Discussing ways he would save money in the federal budget, McCain said, “Look, we’re sending $700 billion a year overseas to countries that don’t like us very much.” But as the Washington Post’s Glenn Kessler points out, McCain is confusing foreign aid with the amount of money that Americans spend on foreign oil. The U.S. spends only $39 bllion a year in foreign aid.

The only justification for FactCheck’org’s acceptance of McCain’s framing of the issue as oil money is to ignore the context within the debate. From the transcript:

OBAMA: The problem with a spending freeze is you’re using a hatchet where you need a scalpel. There are some programs that are very important that are under funded. I went to increase early childhood education and the notion that we should freeze that when there may be, for example, this Medicare subsidy doesn’t make sense.

Let me tell you another place to look for some savings. We are currently spending $10 billion a month in Iraq when they have a $79 billion surplus. It seems to me that if we’re going to be strong at home as well as strong abroad, that we have to look at bringing that war to a close./p>

MCCAIN: Look, we are sending $700 billion a year overseas to countries that don’t like us very much. Some of that money ends up in the hands of terrorist organizations.

The issue is clearly *government* expenditures, but McCain is talking about the total that the US economy spends on foreign oil. This is a completely non sequiture, and rather Palin-like in its ADD switch from the topic of discussion to one of his debate-prepped talking points. accepts McCain’s context switch (and, not suprisingly, McCain uses inaccurate numbers even in his own private context), and ignores the fact that he’s making a really stupid claim that sounds to the casual listener as though the US spends $700 billion in governmental expenditures for foreign aid.
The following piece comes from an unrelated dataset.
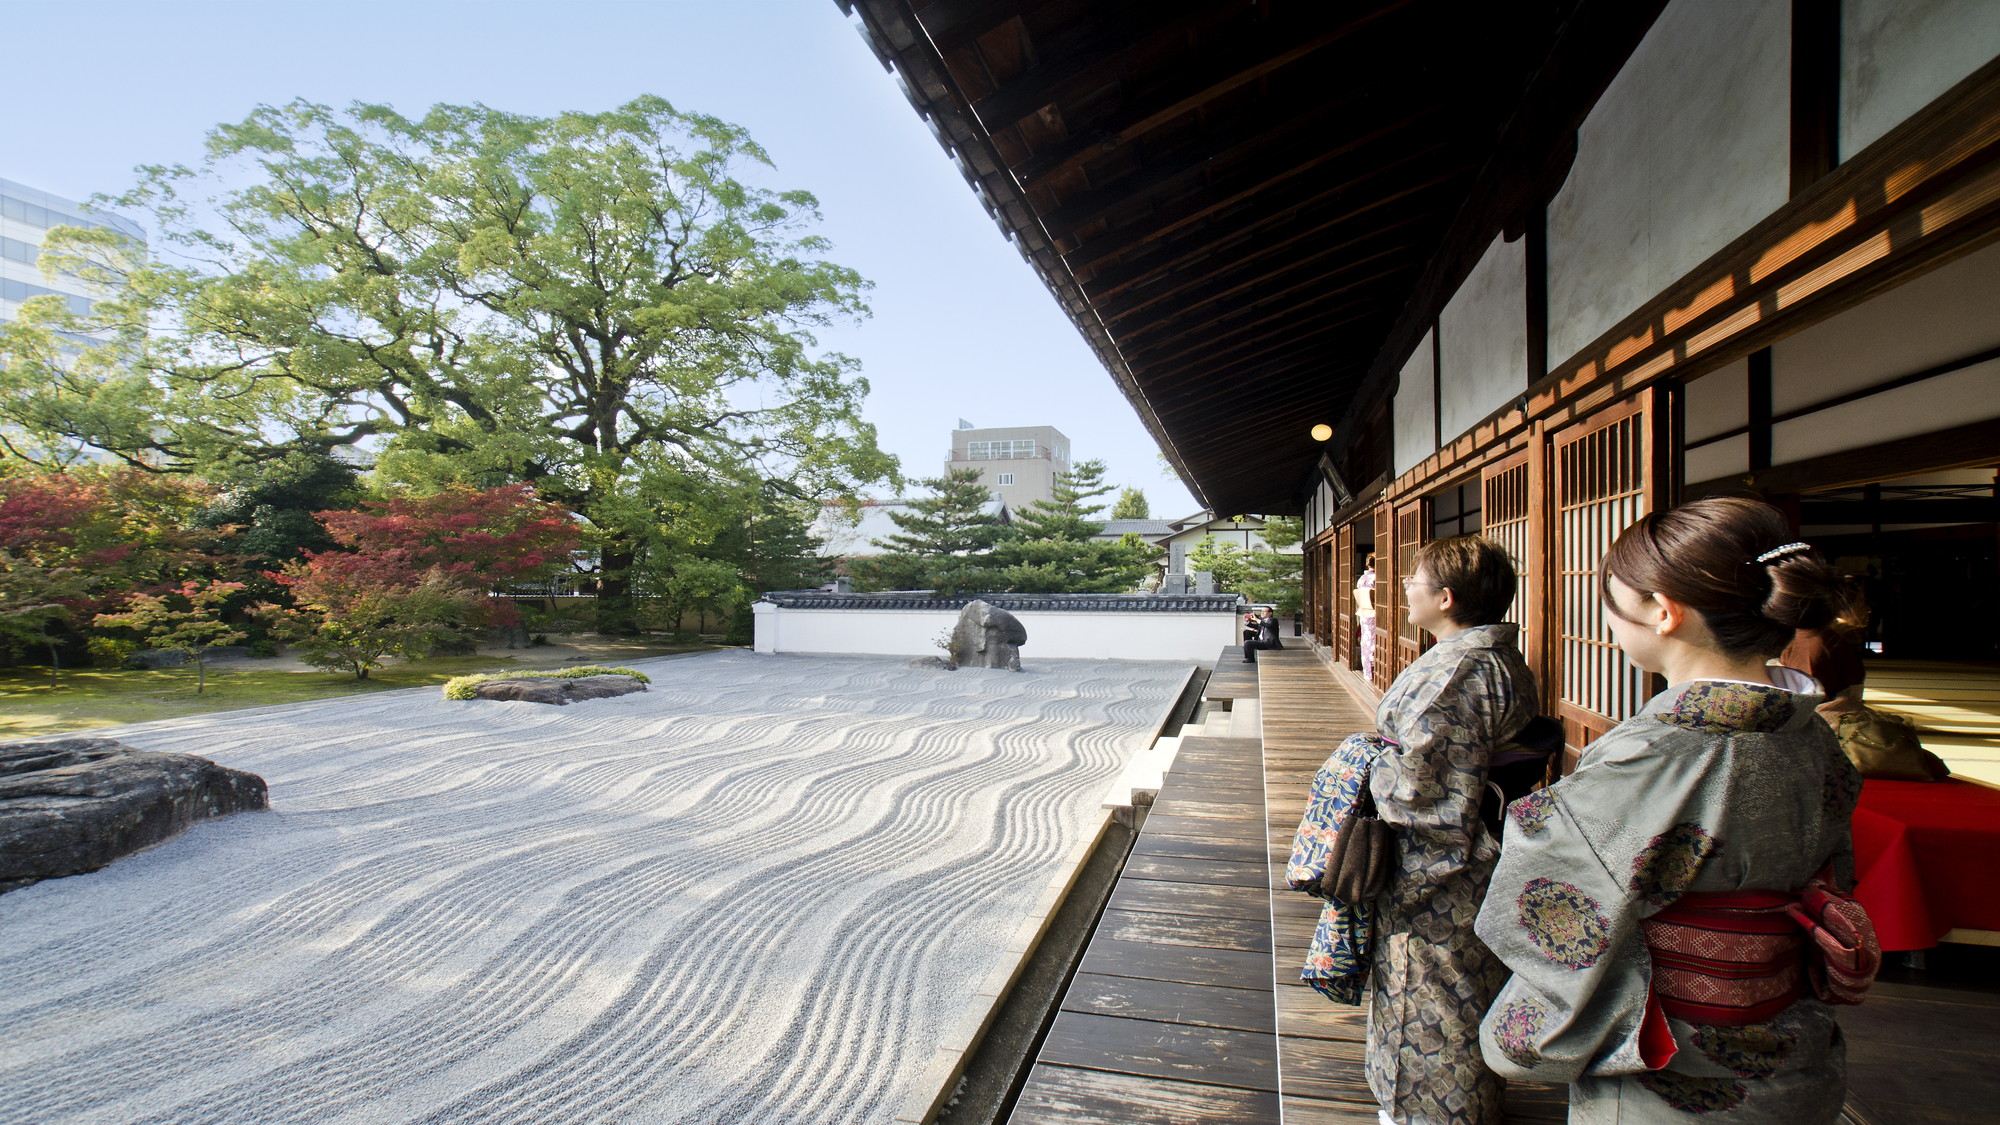 【承天寺】うどん、そば、博多織の発祥の地。日本海を描いた枯山水の日本庭園も見所です。

This is either profoundly dishonest on McCain’s part, or just sloppy debating. Either way, no fact checker should be led by the nose this easily.

Amusingly enough, the editors of the article seem surprised at the idea that the context was actually different from what they “fact checked,” since they add this parenthetical comment:

(Note: A few of our readers messaged us, after we first noted McCain’s mistake, with the thought that he was referring to foreign aid and not to oil. If so he’s even farther off than we supposed: The entire budget for the State Department and International Programs works out to just $51.3 million.)
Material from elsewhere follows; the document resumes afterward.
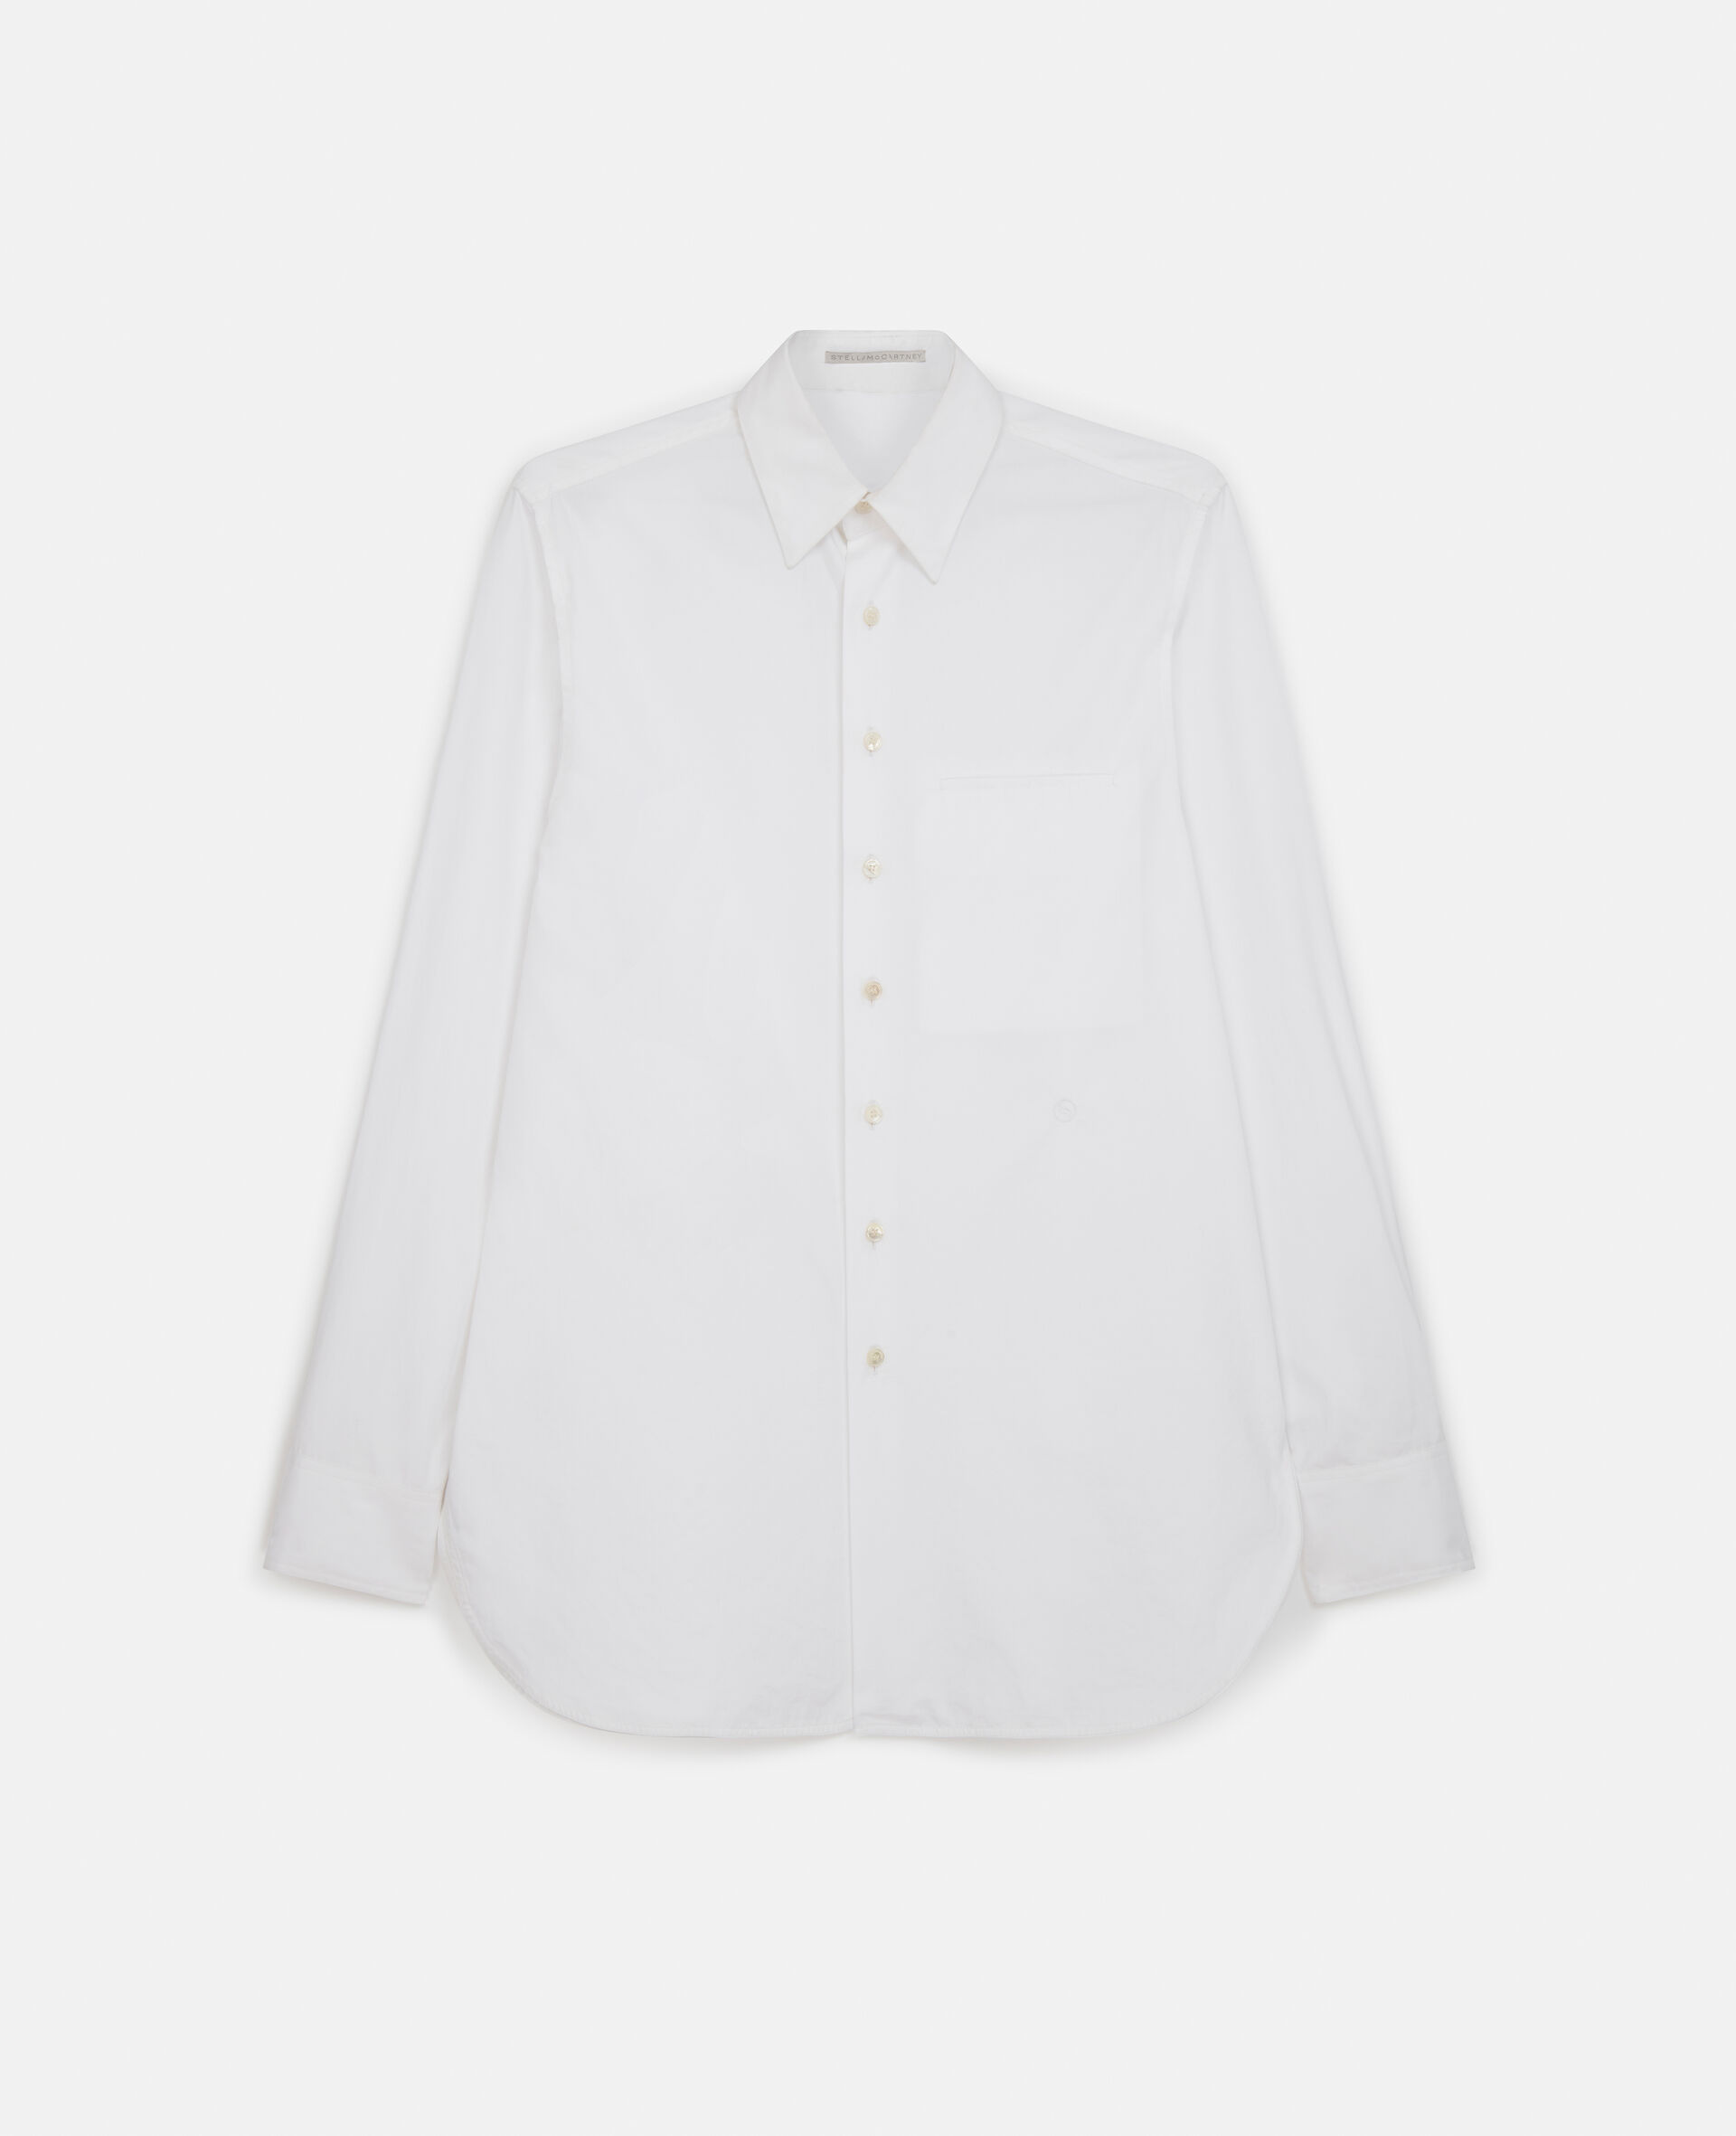 Boyfriend Fit Shirt-White-medium

Ya think? Geez. There is no question that in the actual context of the debate (i.e., following Obama’s remarks on Federal spending) McCain’s switch of subject away from government spending to the whole country’s expenditures on foreign oil leads to the implication (intended by McCain or not), that he’s talking about government spending on foreign aid.


Example 4: Percentage who get Obama’s tax cuts

Obama said 95 percent of “the American people” would see a tax cut under his proposal. The actual figure is 81 percent of households.

This is a case of cherry picking Obama’s words. At one point in the debate, what Obama said. From the transcript:

…Now, $18 billion is important; $300 billion is really important.

And in his [McCain's] tax plan, you would have CEOs of Fortune 500 companies getting an average of $700,000 in reduced taxes, while leaving 100 million Americans out.

So my attitude is, we’ve got to grow the economy from the bottom up. What I’ve called for is a tax cut for 95 percent of working families, 95 percent.

And that means that the ordinary American out there who’s collecting a paycheck every day, they’ve got a little extra money to be able to buy a computer for their kid, to fill up on this gas that is killing them.

Obama was *very* clear here on who it applied to, not 95% of taxpayers, but 95% of “working families.” It’s no surprise that this “fact check” is not included in the others, since this is just a made-up error in the version, which bases its “fact check” on another context, in which Obama said this:

My definition — here’s what I can tell the American people: 95 percent of you will get a tax cut. And if you make less than $250,000, less than a quarter-million dollars a year, then you will not see one dime’s worth of tax increase.

Now, to me, the second sentence makes precisely clear what he means, by virtue of citing the cutoff for his tax cuts (i.e., $250K). In the context of the debate, it’s even clearer, since it was the question of “who is rich.” The “fact check” is only true if you ignore the relationship between the two sentences uttered back-to-back by Obama.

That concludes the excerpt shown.